Suzanne shuddered. “And he knew nothing of Marta?”
“He said that he believed she had been arrested. If he knew anything more, he was not giving that information away. Perhaps it is something he sees as information he might trade.”
“For what? Ilse has no power.”
“I don’t know, but this is a desperate man. He is not a simple soldier of the Reich who will likely be set free and returned to Germany once the war ends. Detlef Buch is a war criminal who will be expected to pay for his crimes.”
“And what if he, too, was playing both sides?”
“Is that what he told you?”
“Not in so many words, but there are hints in what he has said that perhaps he tried to warn others as he did your uncle and that he made copies of the records he was charged with keeping and smuggled them from the office.”
“So he says. Suddenly you of such little faith are willing to take this man at his word?”
“Let’s leave my faith out of this.” She pulled her hand free of his.
“Okay, sorry. That wasn’t fair. It’s just that during this time we’ve been … apart, it occurred to me that I know so little about you.” This was why he had waited on the porch for her—not to talk about Detlef Buch—or Gordon Langford.
“What do you want to know?”
A thousand questions flooded his brain and finally melded into one. “Who are you when you are not the journalist? Who were you before you were a journalist?”
She did not answer him for a long moment. He waited, giving her the time she clearly needed to form her response. Did she even know herself who she was without the label of “reporter”?
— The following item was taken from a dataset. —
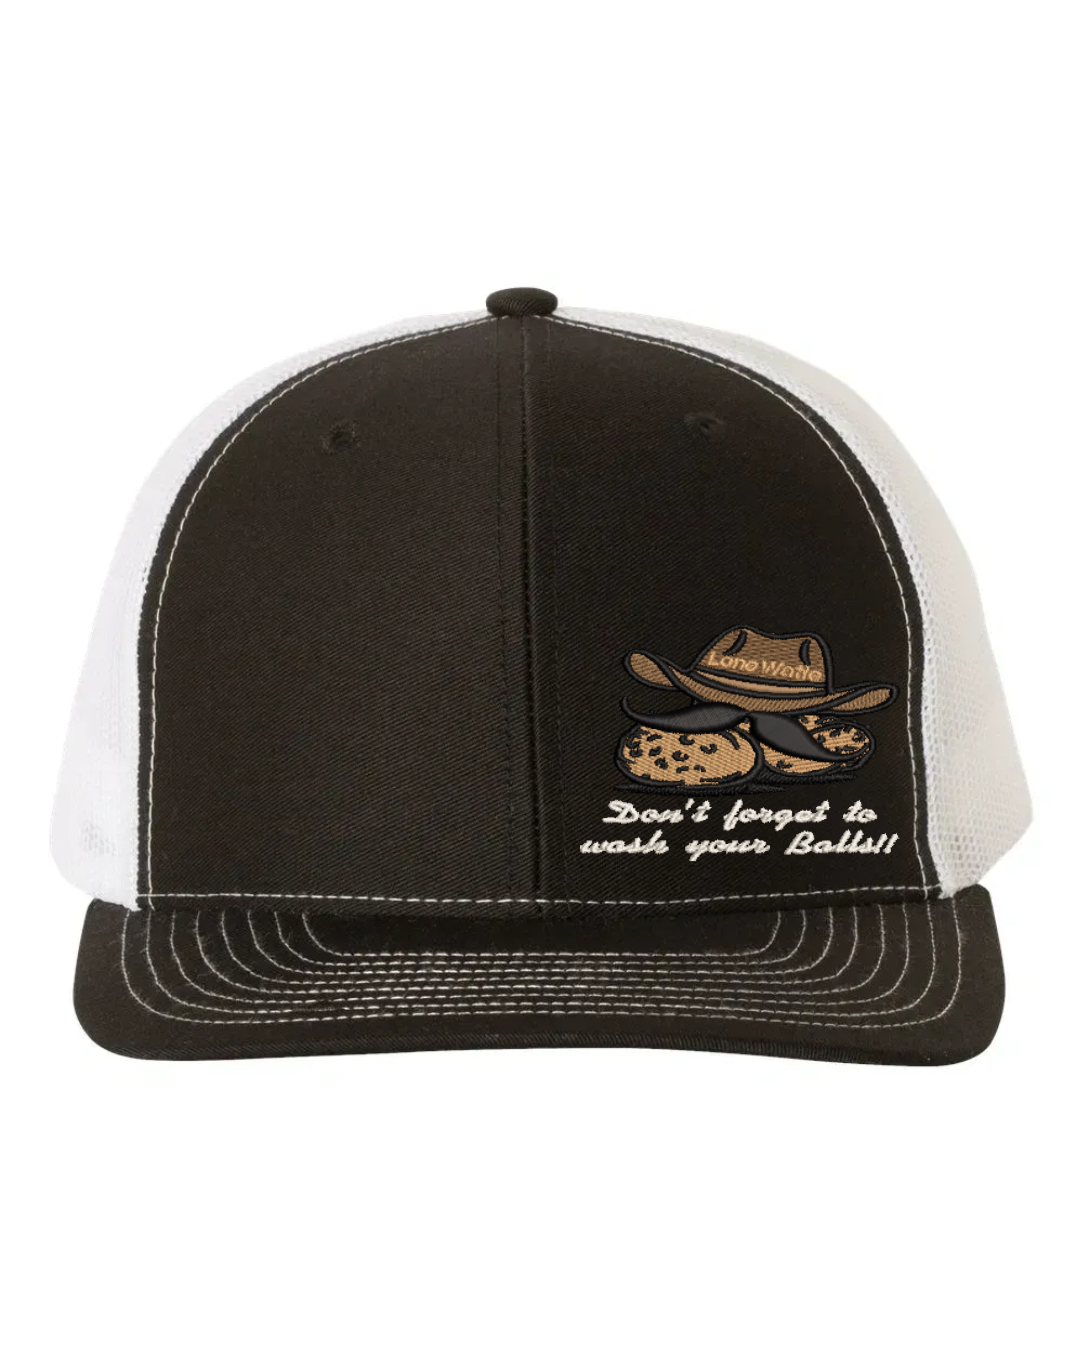 Lone Watie Embroidered Richardson 112 Trucker Hat With Slogan

“You are really asking what happened. Where did I lose my way?”
“All right. Start there.”
She sucked in a breath and slowly blew it out between pursed lips. “When I was a teenager,” she began, “my sister—Natalie—was in a car accident that left her confined to a wheelchair and that damaged her brain to the point that she could barely communicate. The thing was that her mind still worked—she just appeared to be retarded. …”
“Natalie was younger?”
“Yes. By the time she entered high school, I was already a senior. She used to tease me about how glad she was that I would finally be going off to college and she could finally have the bedroom we had shared all her life to herself.”
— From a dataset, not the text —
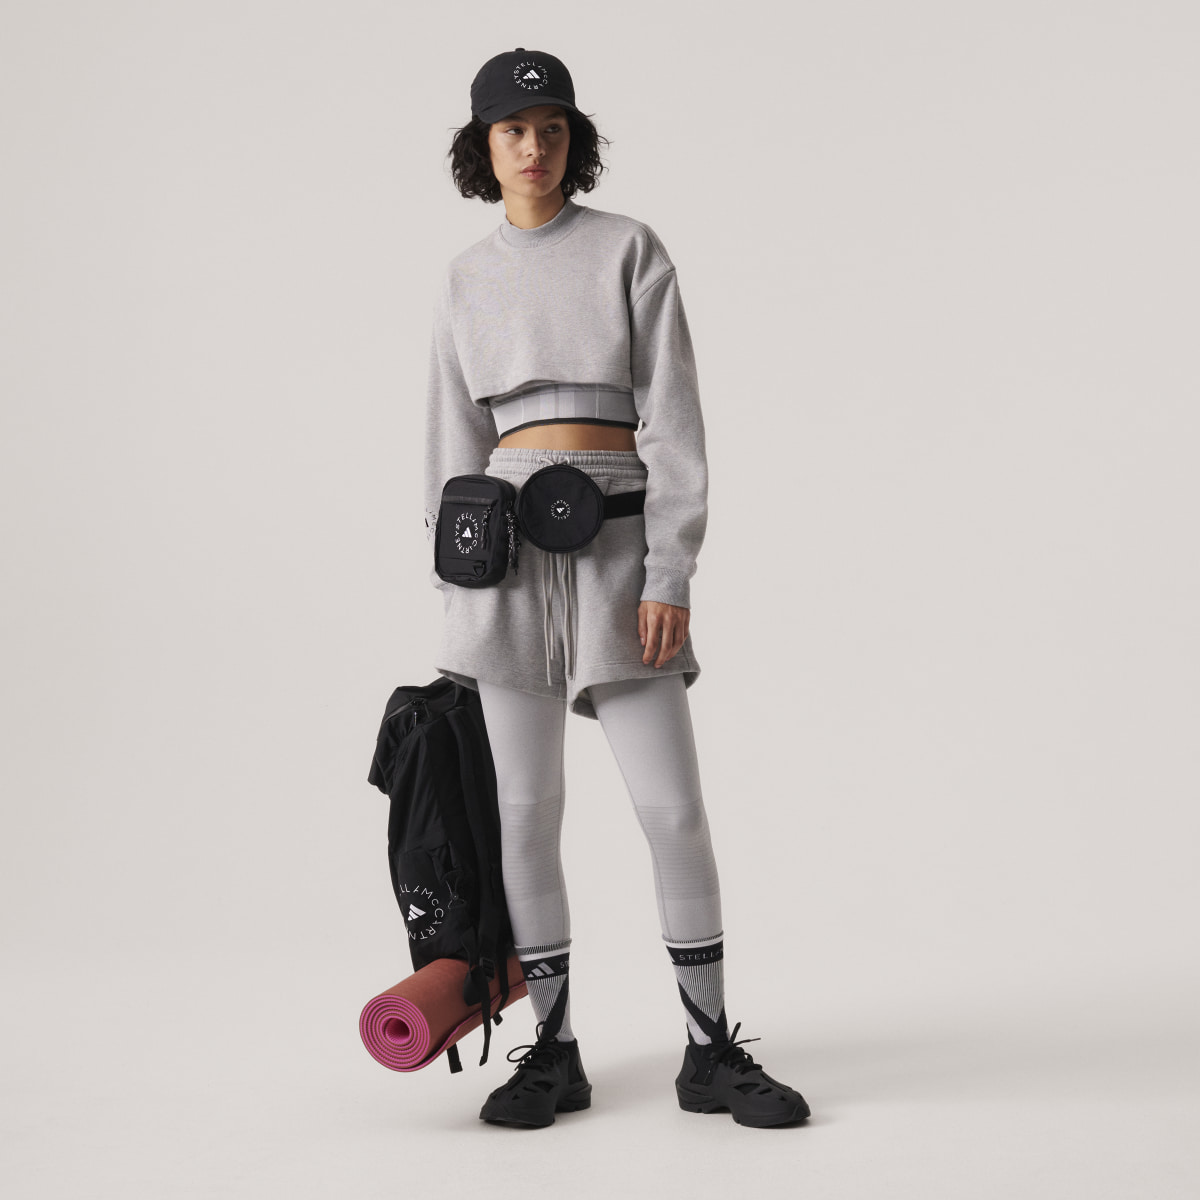 Adidas by Stella McCartney TrueStrength Yoga 7/8 Tight. 7

Theo saw the wistful smile that flickered
across her lips and disappeared. “What happened?”
“The summer after I graduated, Natalie went off to summer camp. We had both attended this camp from the time we were nine, and that summer, Natalie was going to be a junior counselor. She was so very excited. I was supposed to be there as well as a senior counselor, but I got the opportunity to take a writing course at the college in our town and decided to do that instead.”
“The car accident happened while she was at camp?”
Suzanne nodded. “She got involved with some boy from the nearby town and started sneaking out after curfew to meet him. He was older, and that night he was drinking and …” Her voice trailed off. “My parents were out when the call came. I was the one who answered the phone.”
“Oh honey, that must have been awful for you.” He reached out to touch her, but she held up her hand, preventing his comfort.
“The next week was a complete nightmare. Natalie had to be transferred to a hospital miles away. She was barely clinging to life for days. My parents never left her side, sleeping next to her bed. I put off starting college for that fall semester so I could work in my father’s store in the small town where we lived. Our neighbors and friends were incredible. But that boy—and his parents …”
“He must have been injured as well.”
She turned on him, her eyes blazing. “Not a scratch and do not defend him. He almost killed—he actually did kill her—and not once did he call or write or come to see her. His father was some bigwig in that town, and the boy was a huge football star who had a scholarship to a major university. The whole thing was covered up. I don’t think he got so much as a ticket.”
They had circled the area and were again approaching the boardinghouse. The windows were all dark, and the porch was in shadow lit dimly by the streetlamp. “Let’s go sit,” he suggested.